- _Collected material_
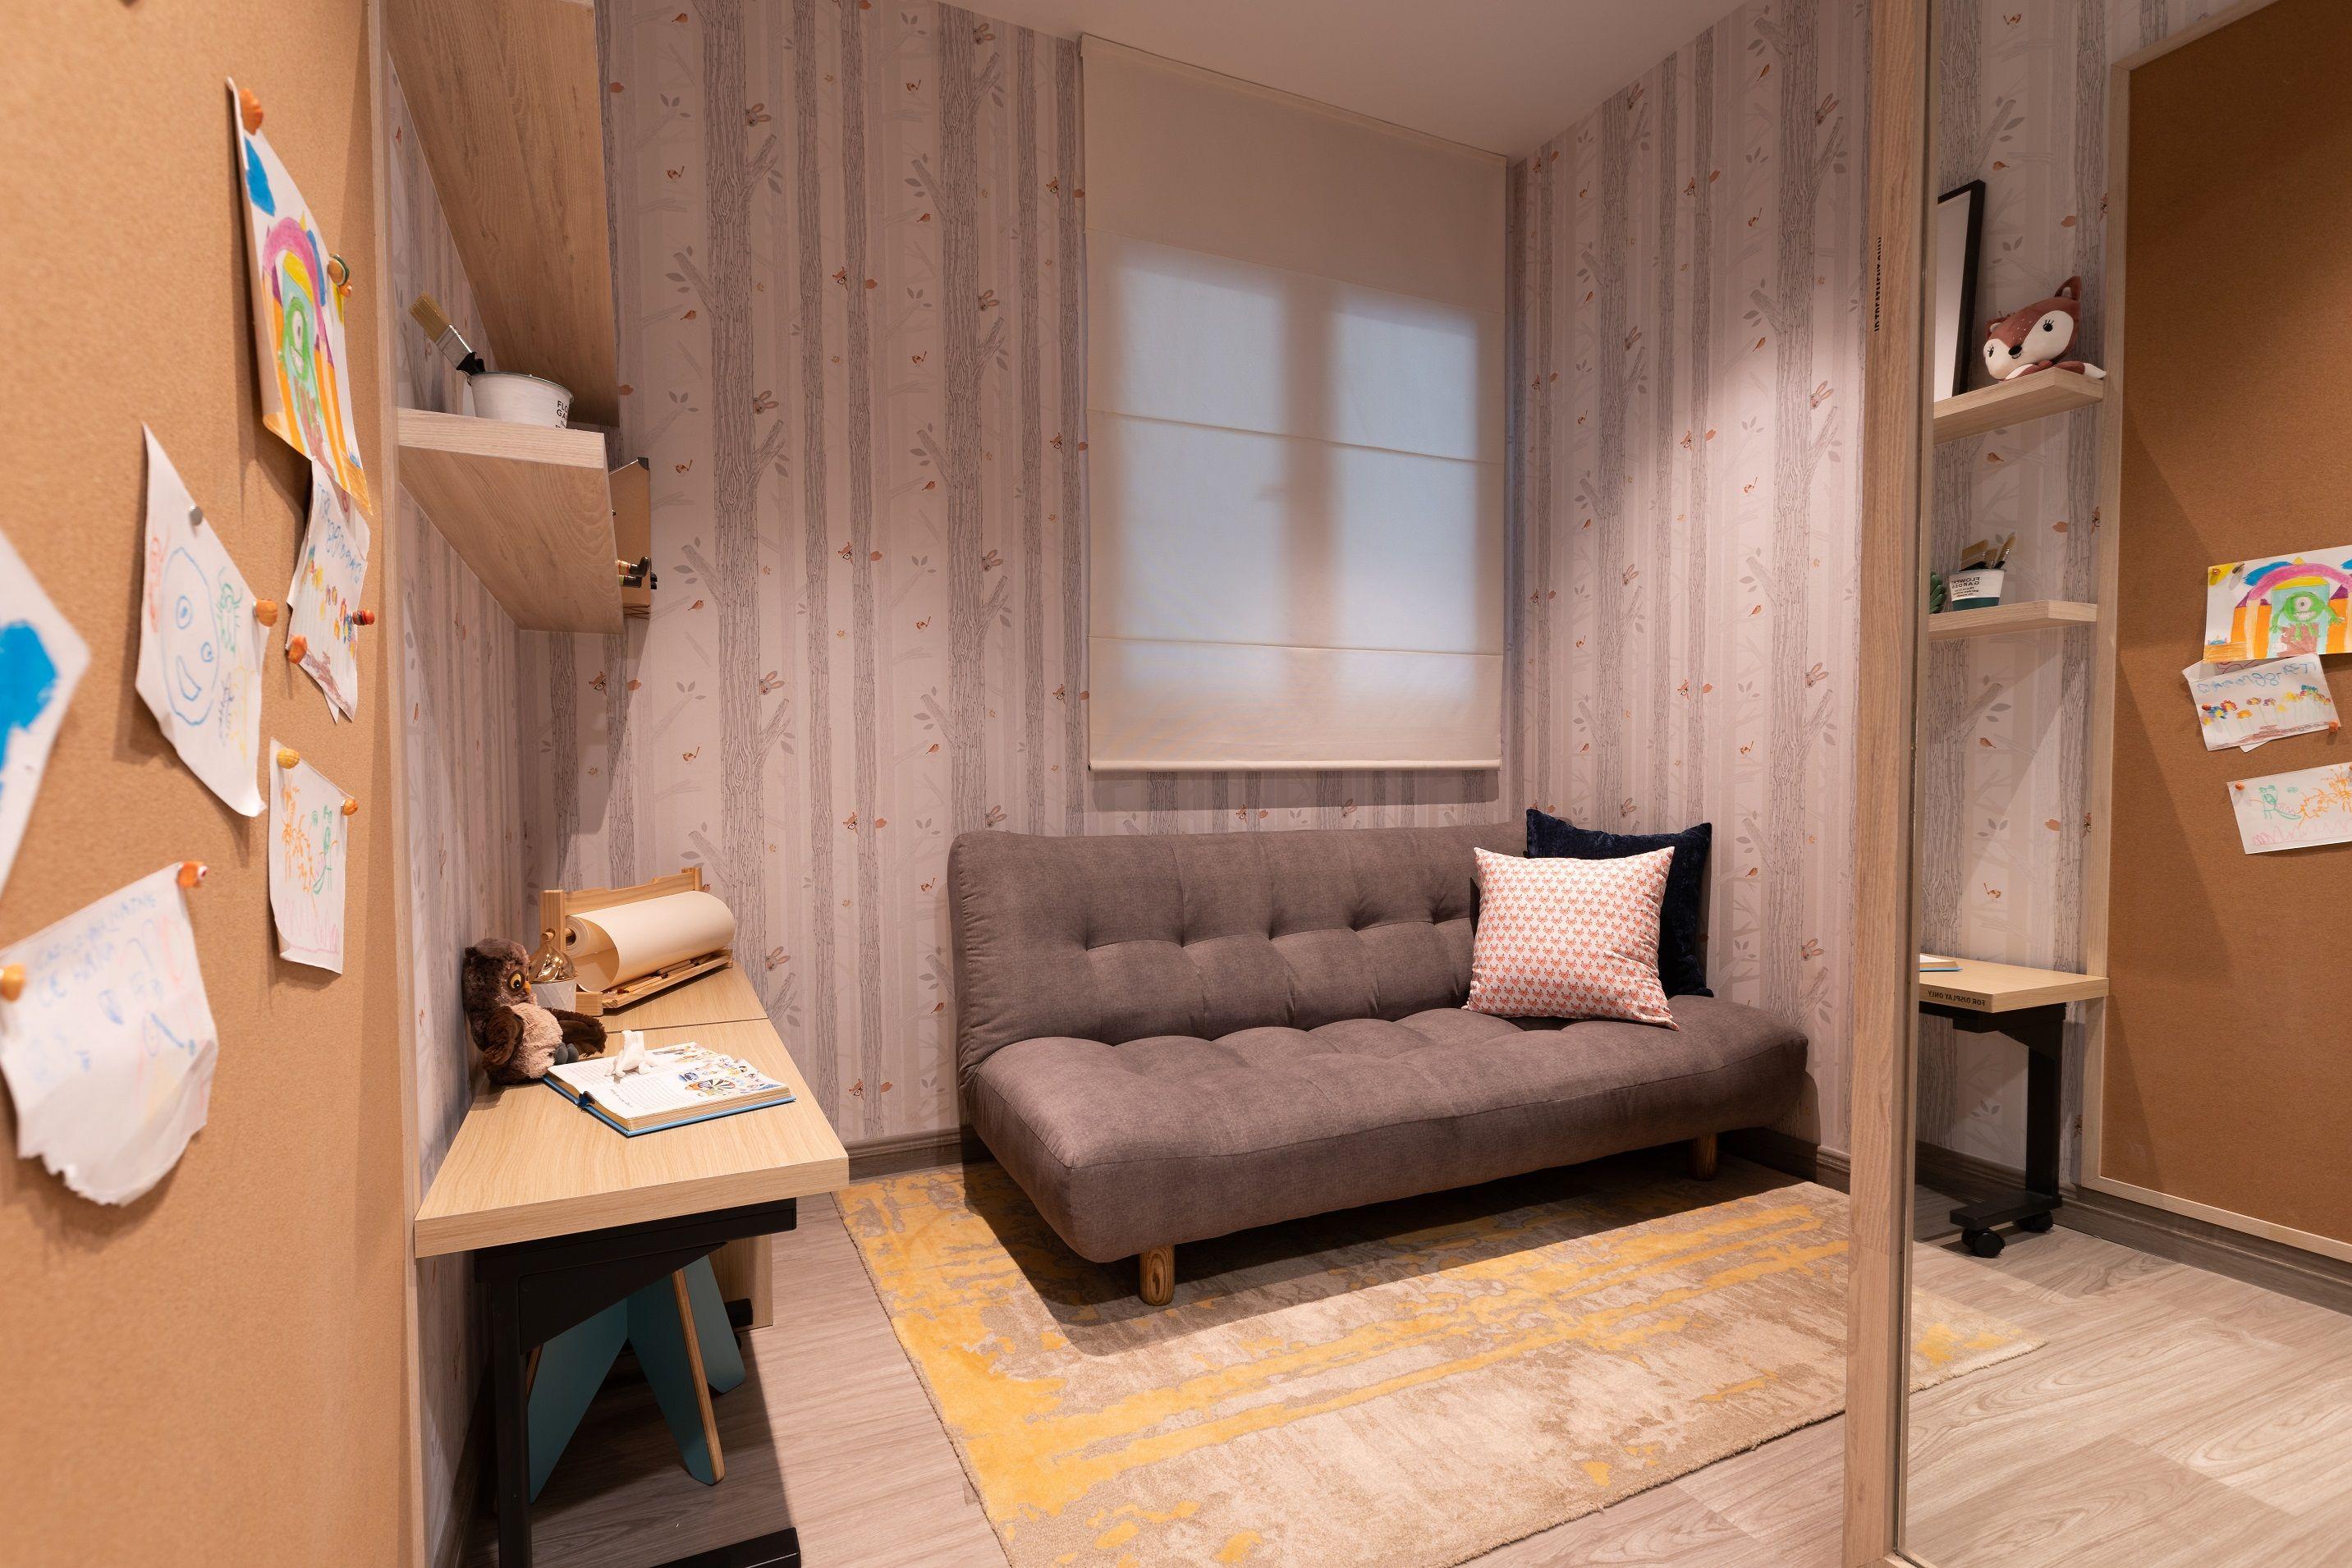 Arcuz Kelana Jaya Home Modern Design Spacious
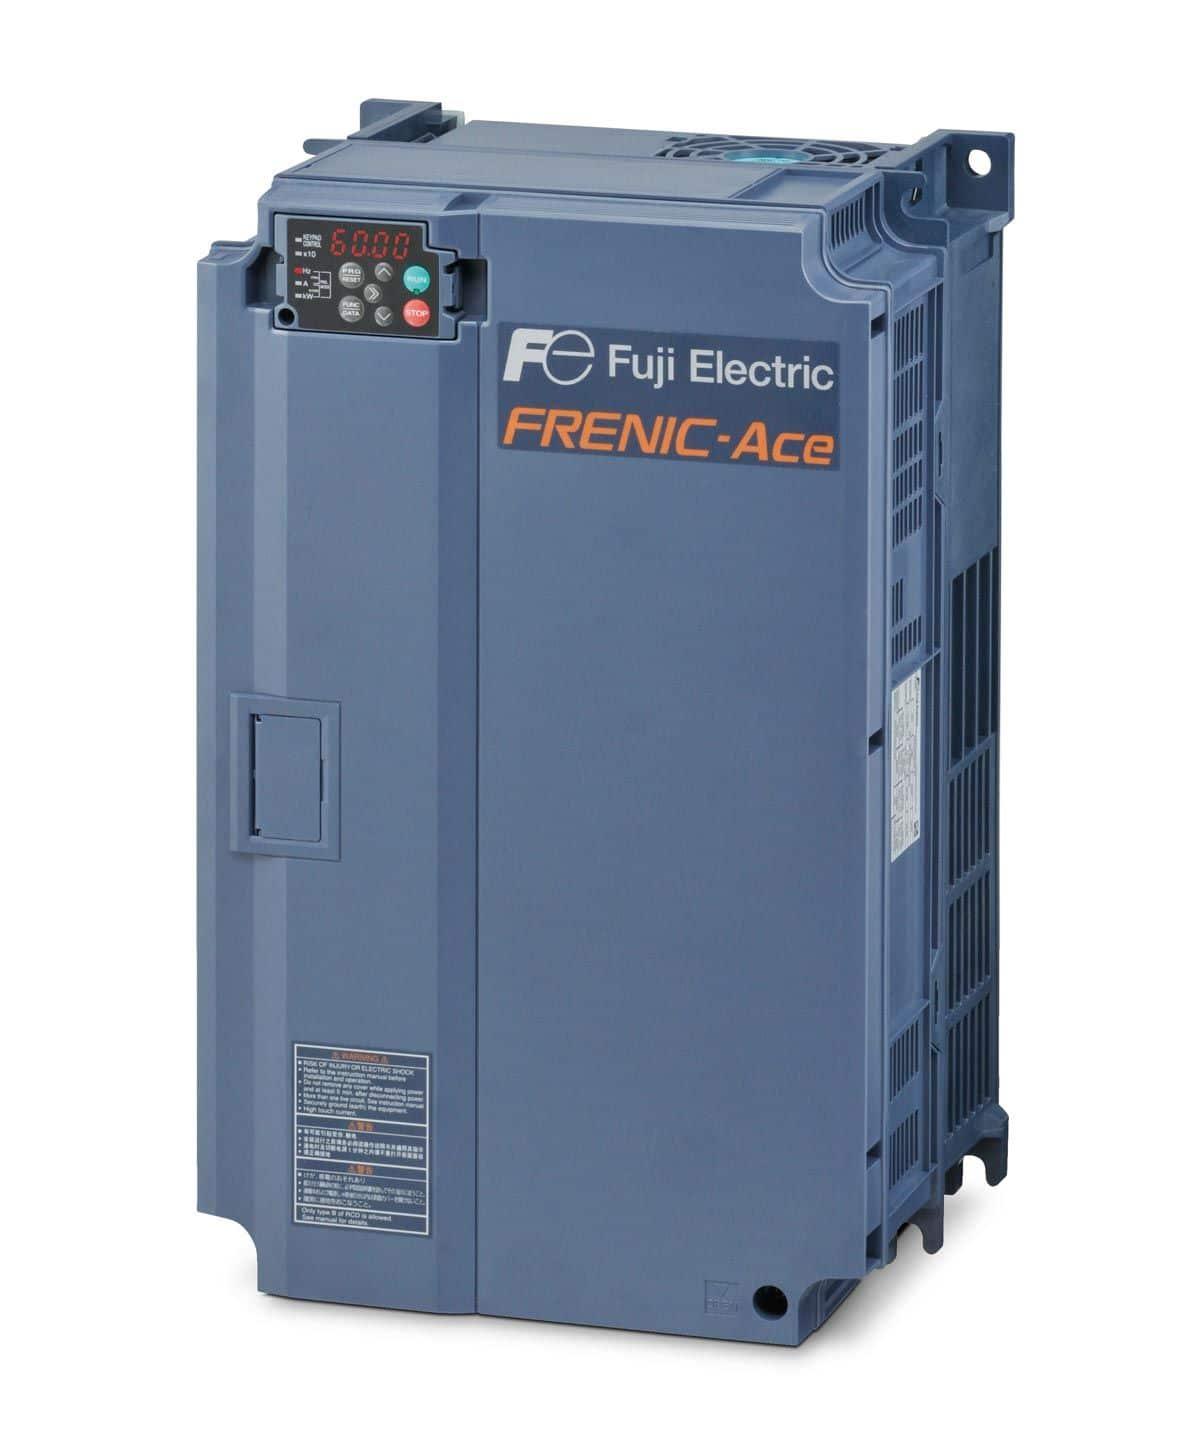 VFD Drives - Industrial Power Inverter AC Drives | Fuji Electric ...
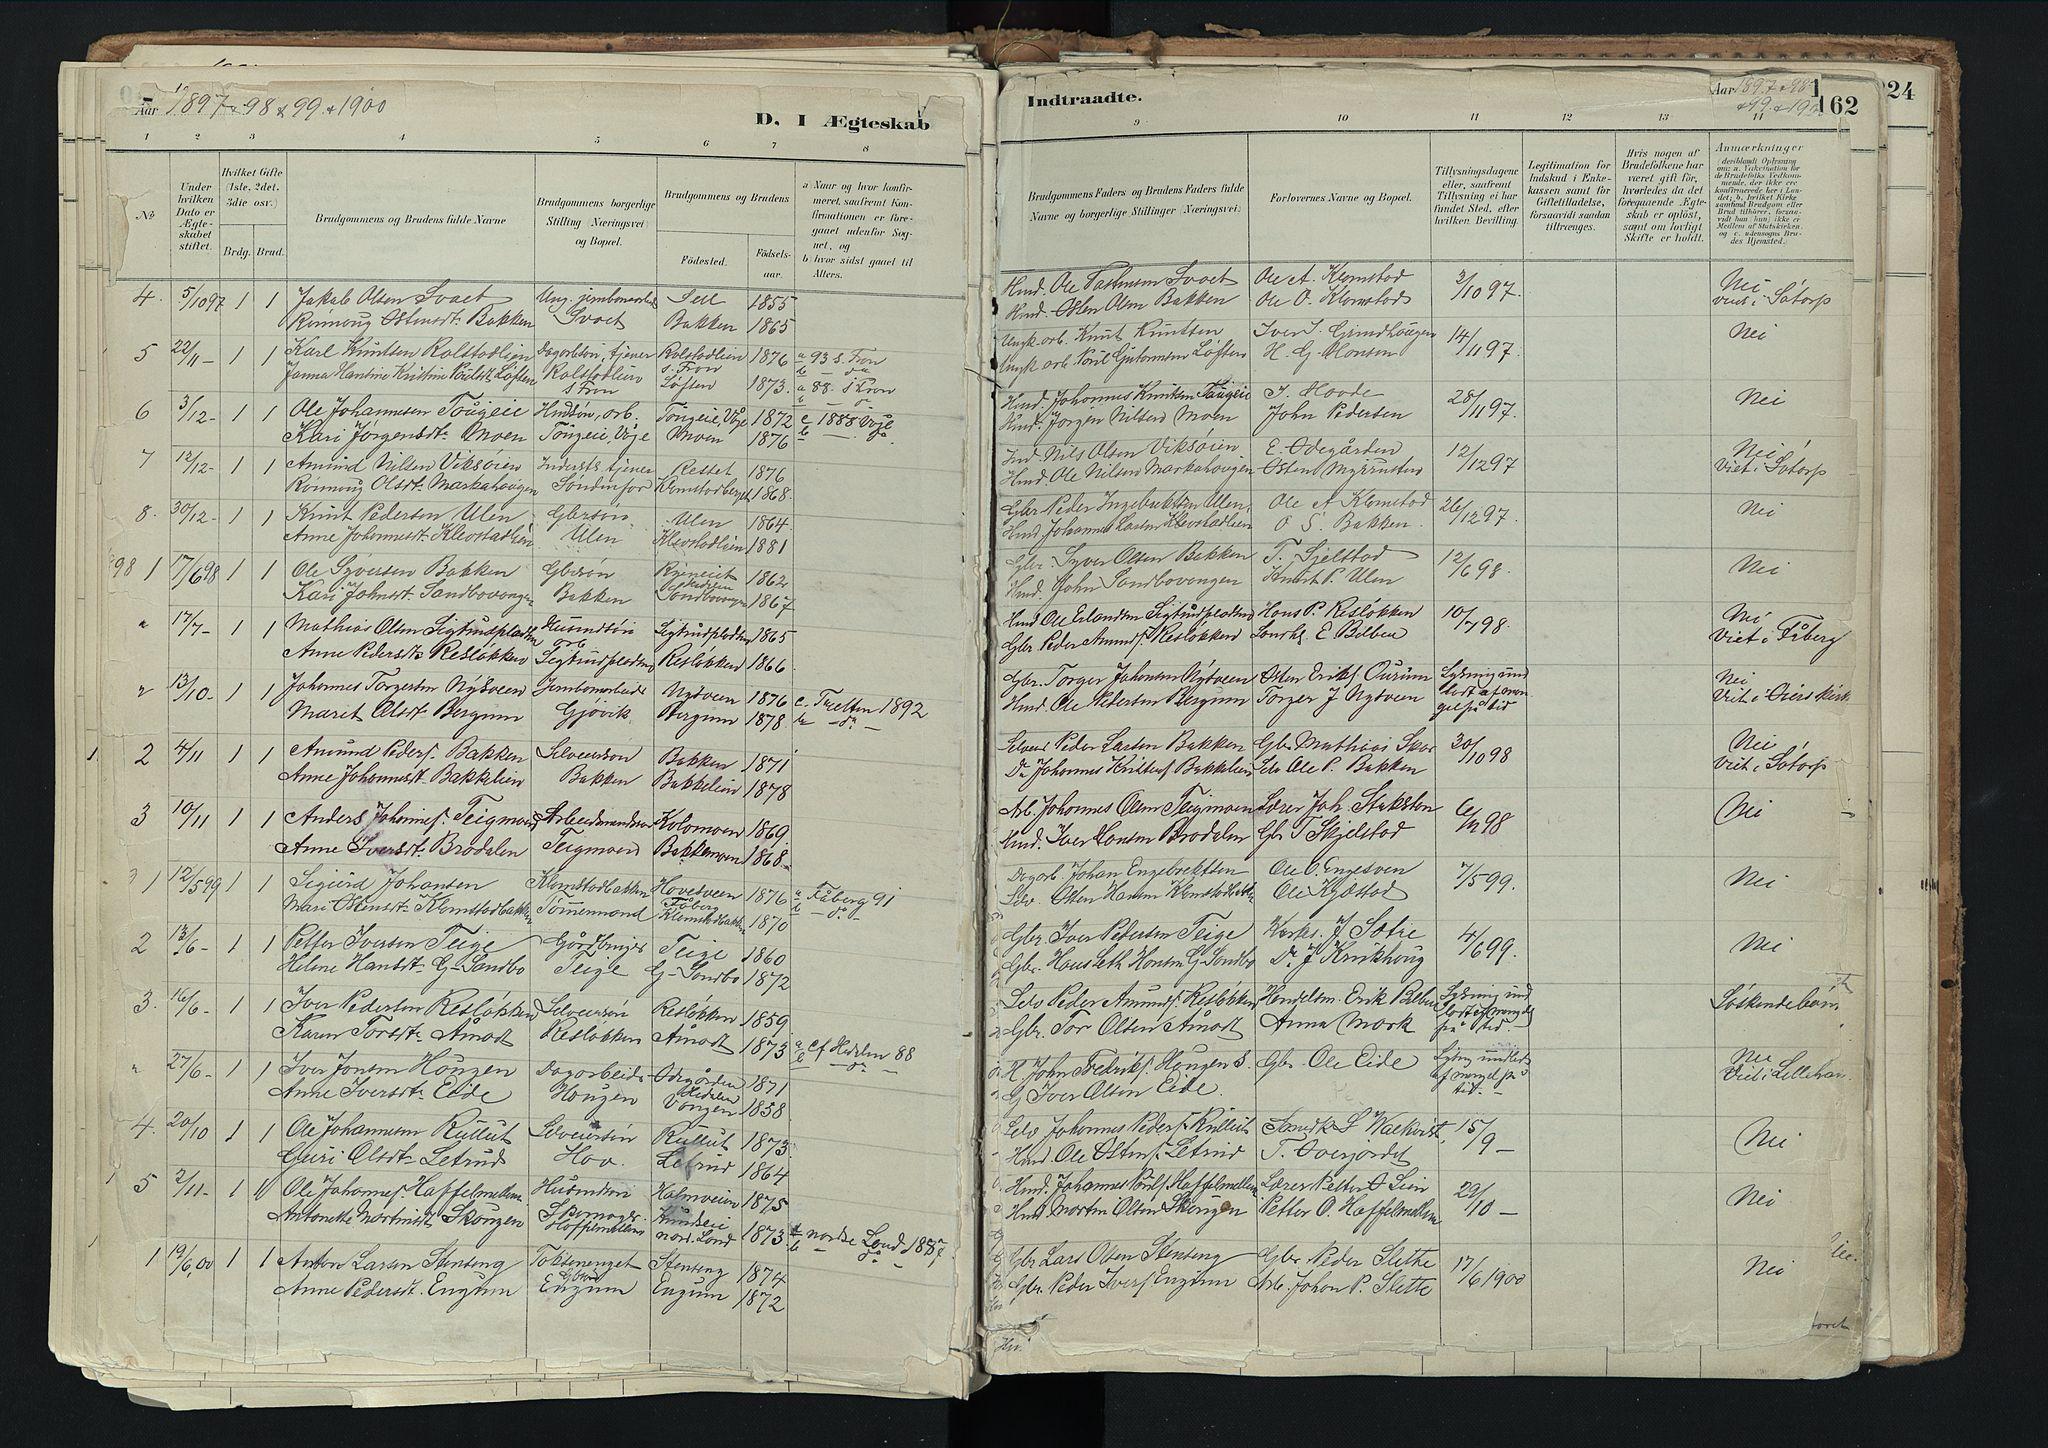 SAH, Nord-Fron prestekontor, Ministerialbok nr. 3, 1884-1914, s. 161

- _Work required_
Would you restate word for word only the lines from the one containing "VFD Drives - Industrial" to the final line of the material, both ends included, without any pictures?

- _Answer space_
 VFD Drives - Industrial Power Inverter AC Drives | Fuji Electric ...
 SAH, Nord-Fron prestekontor, Ministerialbok nr. 3, 1884-1914, s. 161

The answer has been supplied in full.